Forsøksdyr: Is widespread cleanerfish use driving the evolution of transparent lice? Examining pigmentation in Lepeophtheirus salmonis

Godkjenningsdato 03.04.2020

Godkjenningsperiode 03.04.2020-31.12.2020

Parasitic salmon lice (Lepeophtheirus salmonis) are the biggest challenge to environmentally sustainable salmonid aquaculture globally. This species also displays high evolutionary potential, as demonstrated by its rapid development of resistance to delousing chemicals. Farms now use a range of non-chemical prevention and control techniques, including cleaner fish which eat lice directly off the salmon. Anecdotal reports from farms suggest that where cleaner fish are used, lice are beginning to appear less pigmented, and thus less visible to cleaner fish. However, do these observations reflect a plastic (environmental) or adaptive (genetic) response? The aim of this study is to estimate the relative importance of genetics and environmental exposure on the variation in pigmentation in salmon louse populations.

This experiment is expected to cause mild to moderate distress for the 200 infected salmon as a result of lice infestation. The salmon will not be exposed to any other stressors, and we will aim for a lice infestation of 10 per fish. However, due to variability in the infection success, our upper threshold for lice infestation will be 30 lice per fish, a commonly accepted limit to maintain acceptable welfare.

More than 60 million cleanerfish were deployed in salmon cages in 2019. If genotype has a significant influence on color (i.e. heritability is high), then there is the potential for louse populations to evolve in response to selection, leading to reduced cleaner fish effectiveness.

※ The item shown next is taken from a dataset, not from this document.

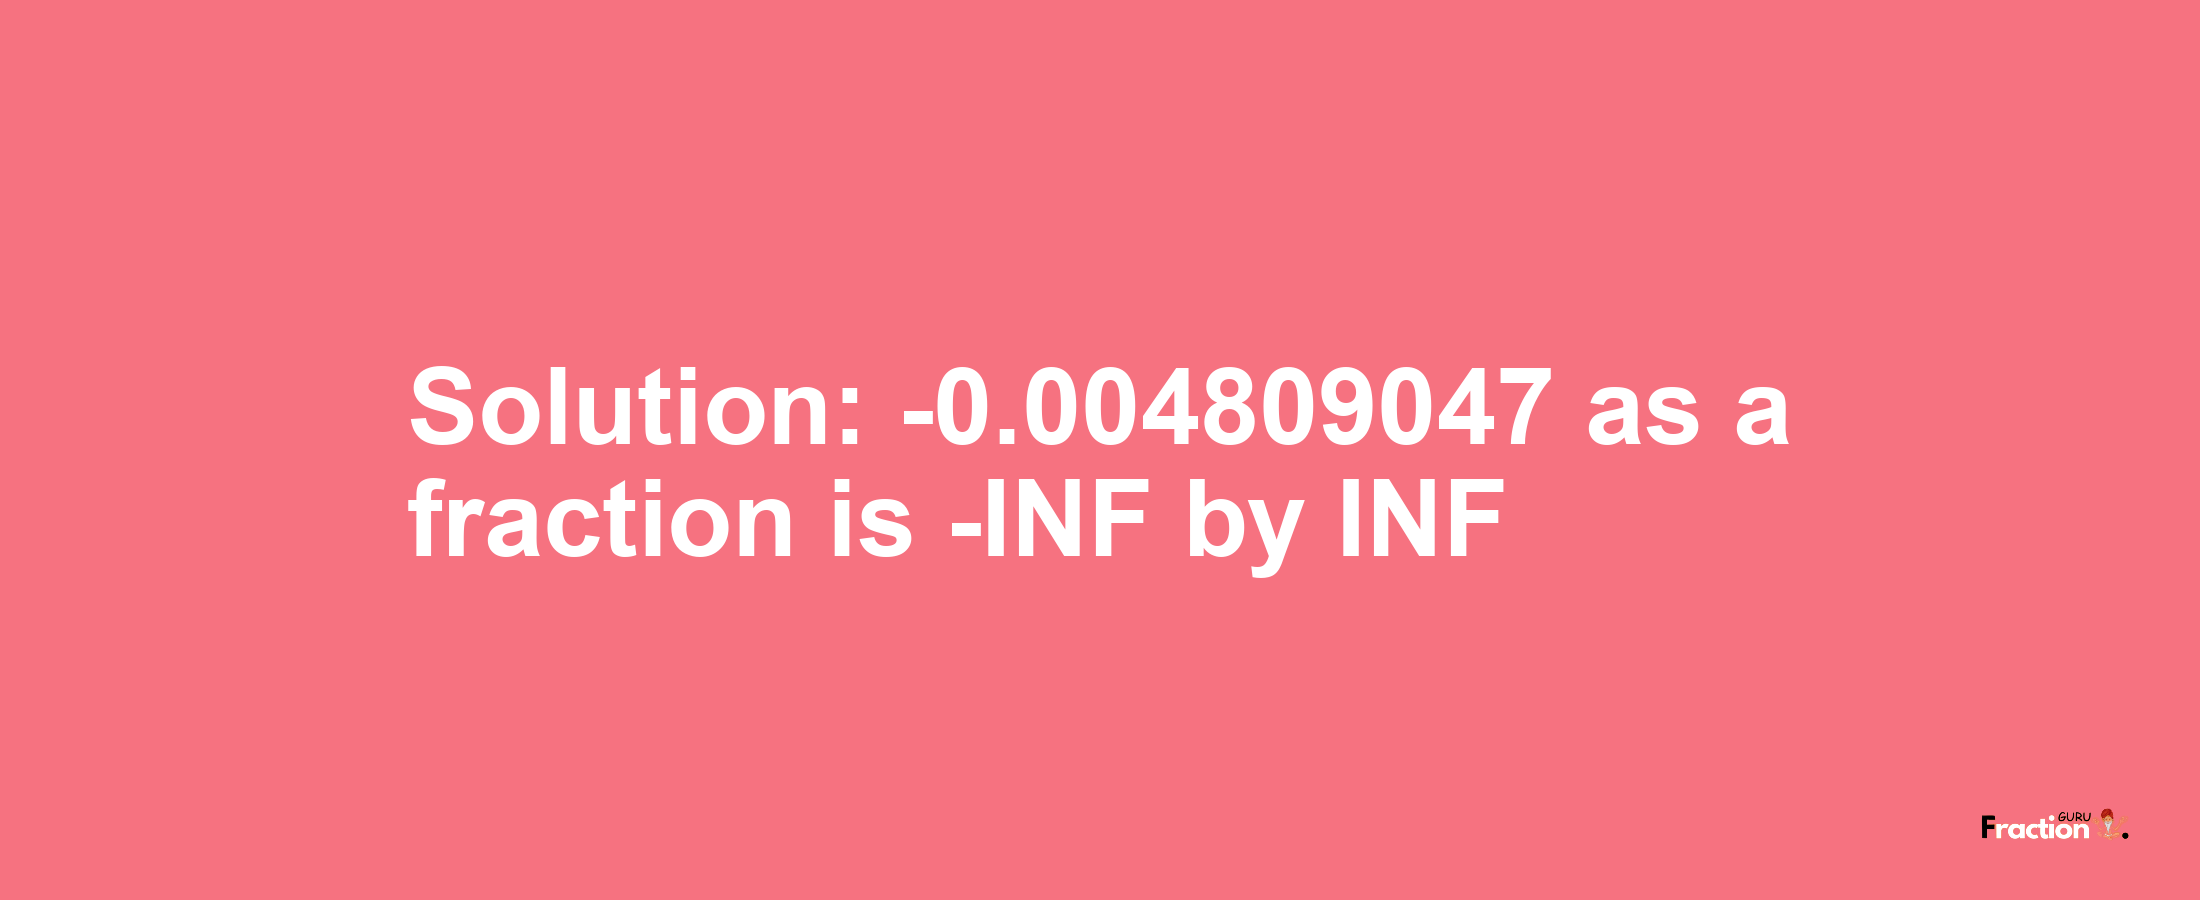 Solution:-0.004809047 as a fraction is -INF/INF

If the observed variation in lice pigmentation is primarily plastic and driven by environmental exposure, then evolution of reduced pigmentation in response to selection by cleaner fish is unlikely. Thus, in addition to improving our basic biological understanding of L. salmonis, these results will have substantial commercial implications for producers of both salmon and cleaner fish.

200 Atlantic salmon (Salmo salar) post-smolts weighing at least 300 grams will be utilized in this study.

L. salmonis are a parasitic organism, and require a host to develop beyond the copepodid stage. For that reason, salmon are required in this study. The number of salmon used (200) was chosen to balance the number of individuals used in the trial against the distress caused to each individual as a result of lice infestation.